From enslavement to the “Black tax,” Black people have been asked to pay for freedom for far too long.

Part of the Juneteenth issue of The Highlight, produced in partnership with Capital B.

In November 1855, Elizabeth Keckley made an extraordinary purchase: her freedom.

After spending years supporting her enslaver and his family by making dresses for the wealthy women of St. Louis, Keckley finally asked him how much it would cost to secure freedom for herself and her son. He reluctantly set the price at $1,200 (nearly $40,000 today). After several more years of supporting the enslaver’s family — a tumultuous time that included his death, the transfer of his estate to a new enslaver, and Keckley’s marriage to a man she didn’t much like — she had raised the money required.

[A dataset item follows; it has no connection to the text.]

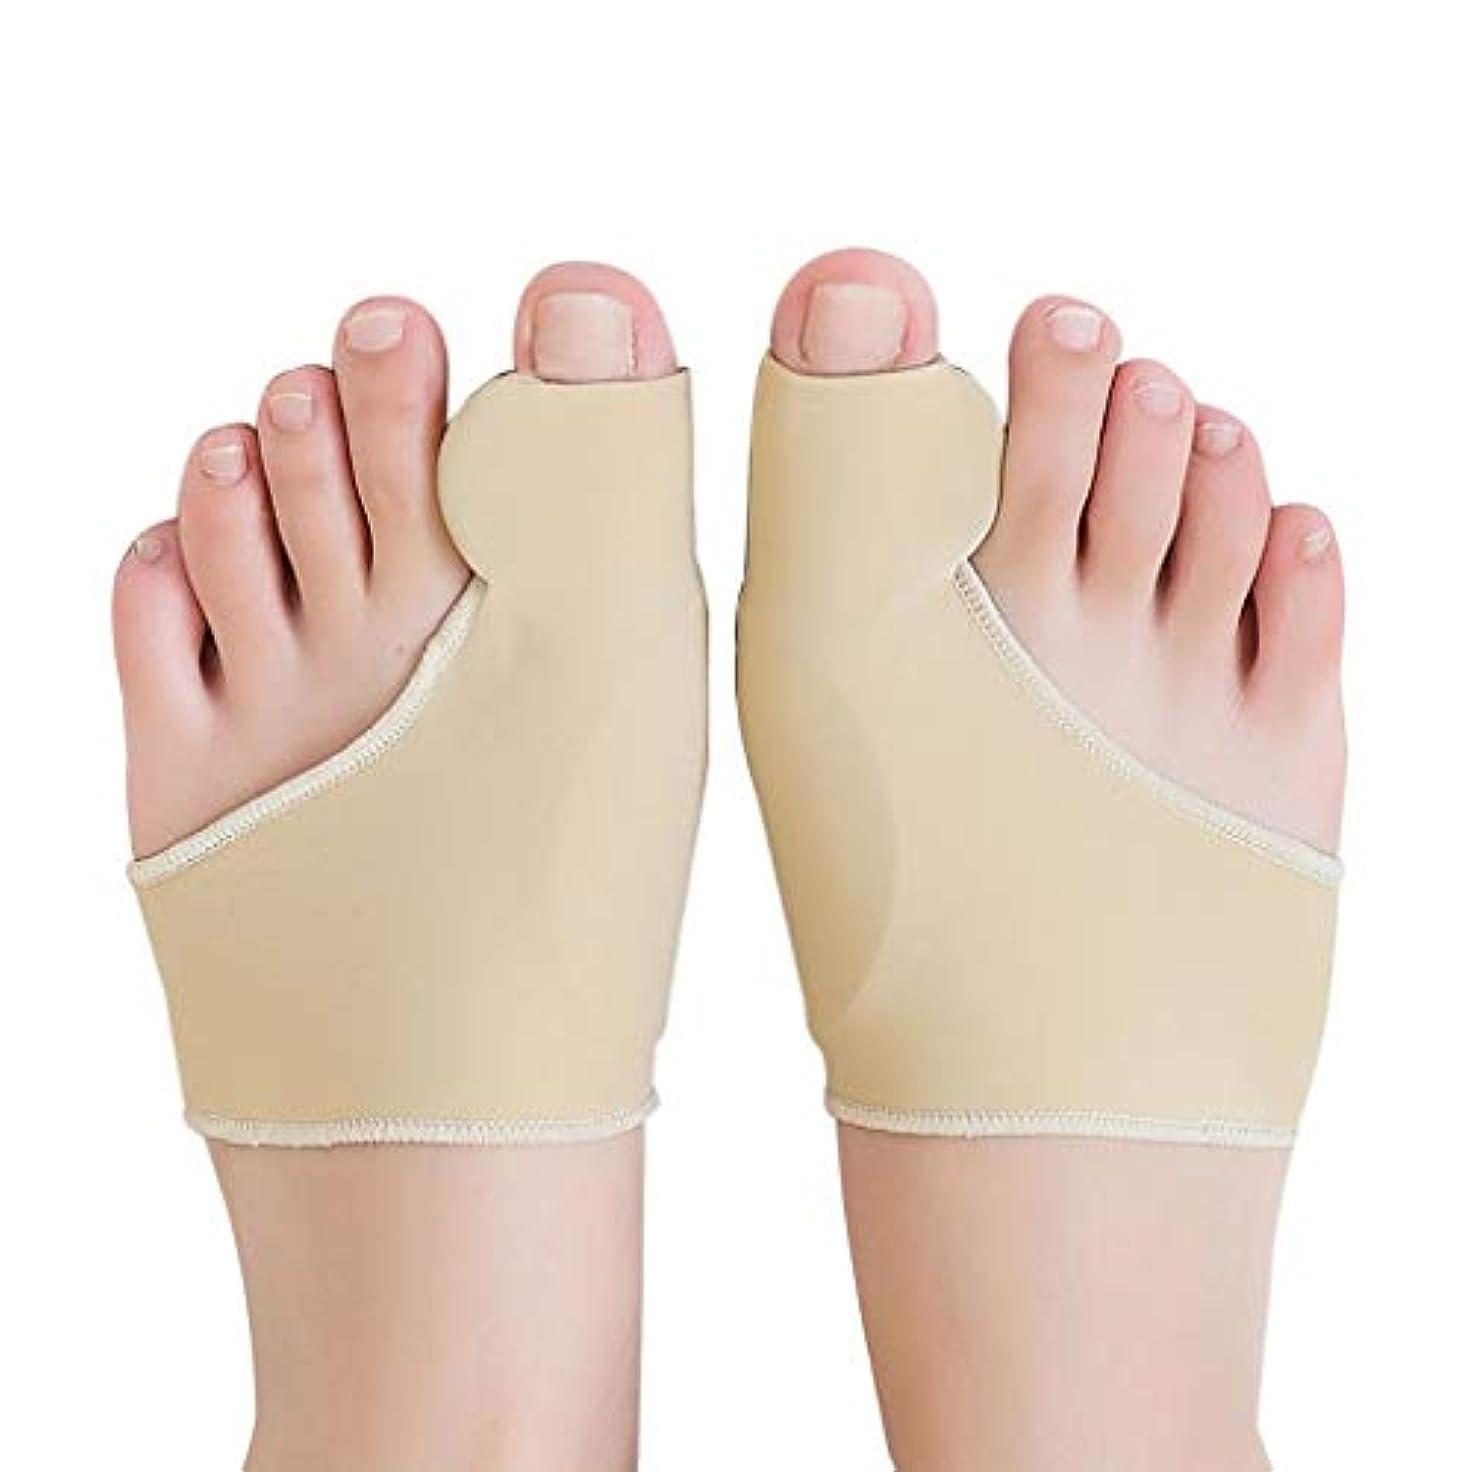 ベスト美徳比類なき女性の大きな足のつま先のケアシリコーンは大きな親指反転カバーで着用 窓の外の小雨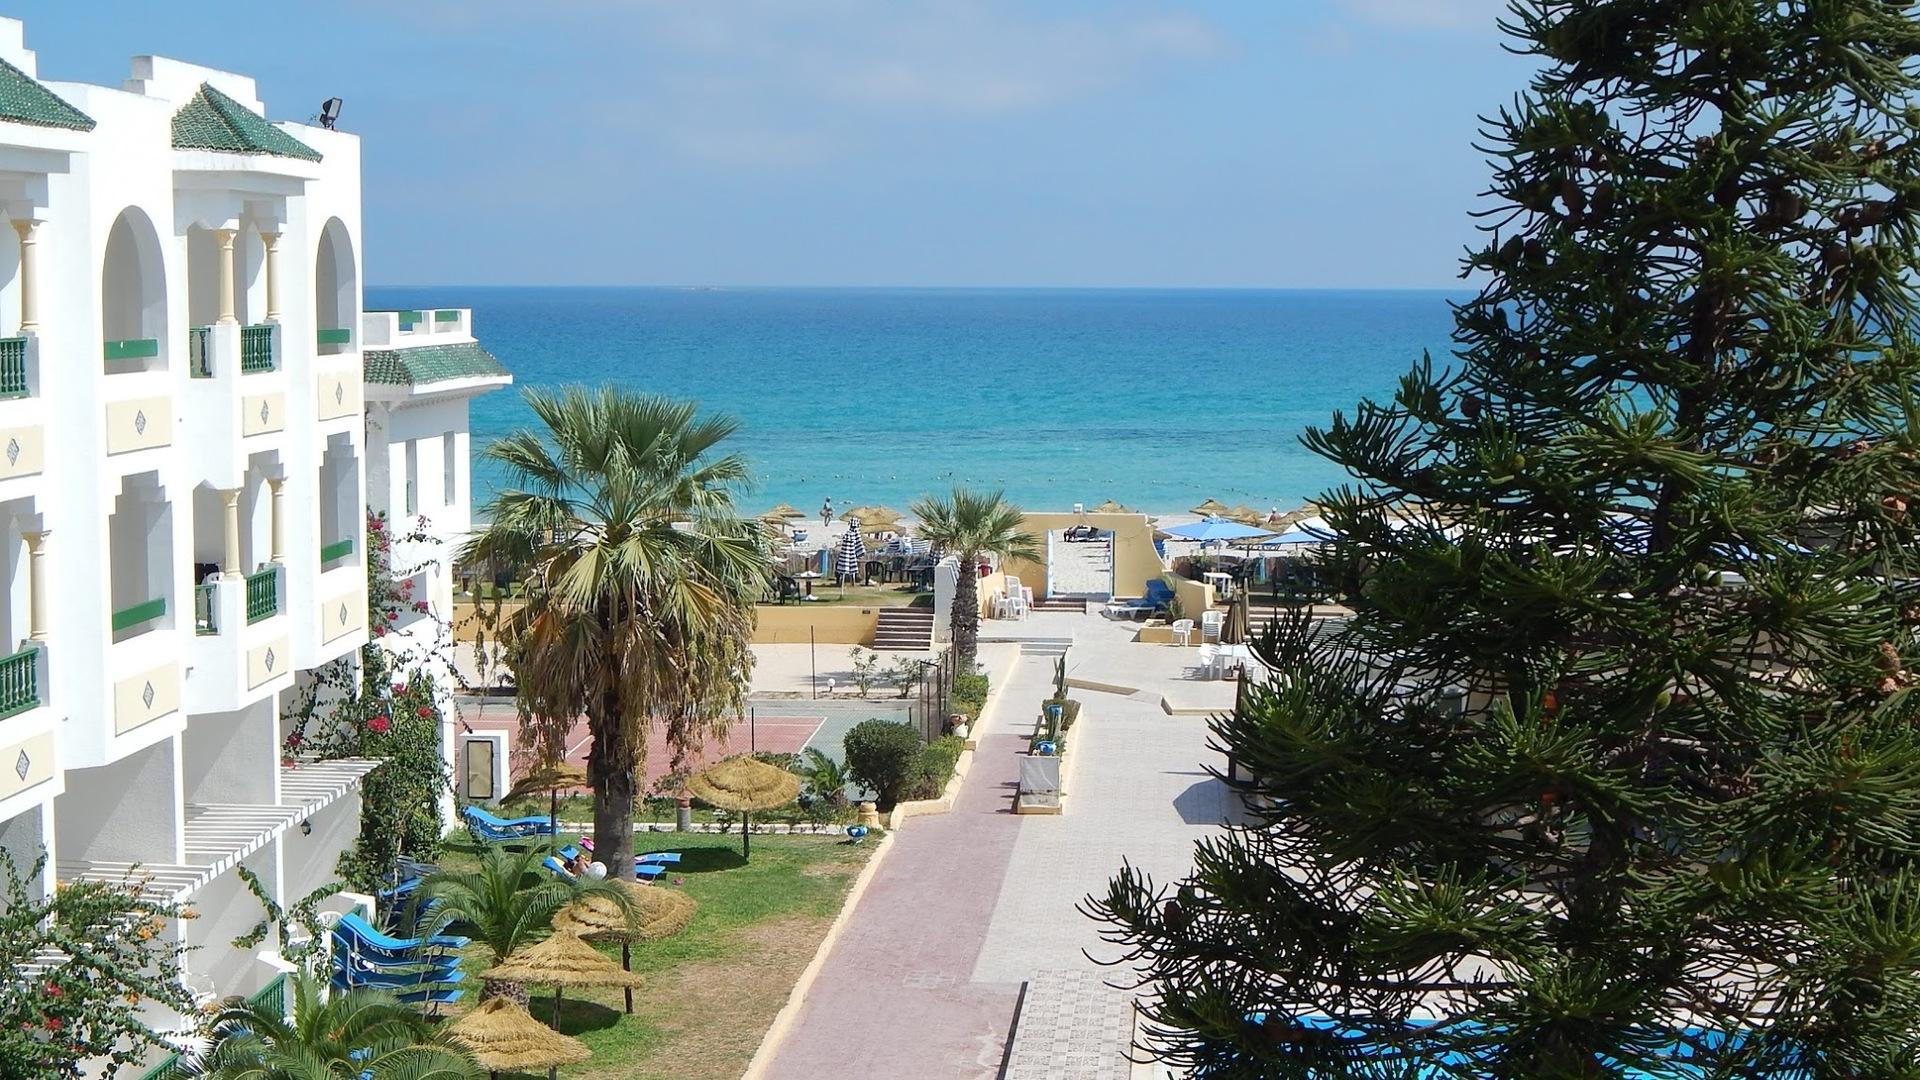 этом тунис отель топкапи бич фото стендов зеркалами

“The twelve hundred dollars were raised, and at last my son and myself were free. Free, free! what a glorious ring to the word,” Keckley wrote in her autobiography Behind the Scenes: Thirty Years a Slave, and Four Years in the White House. “Free! the bitter heart-struggle was over. Free! the soul could go out to heaven and to God with no chains to clog its flight or pull it down. Free! the earth wore a brighter look, and the very stars seemed to sing with joy.”

Freedom has been a peculiar thing in America. Here, the fundamental human right of ownership of one’s body has been sought, chased, bestowed, and purchased. Many of us are taught that this parable of America is a beautiful one — it is a nation where you can do or be anything if you work hard enough for it. But Keckley’s story reflects a more sinister expectation that persists today: that Black people who want to savor America’s sweetest dream must pay for it, again and again.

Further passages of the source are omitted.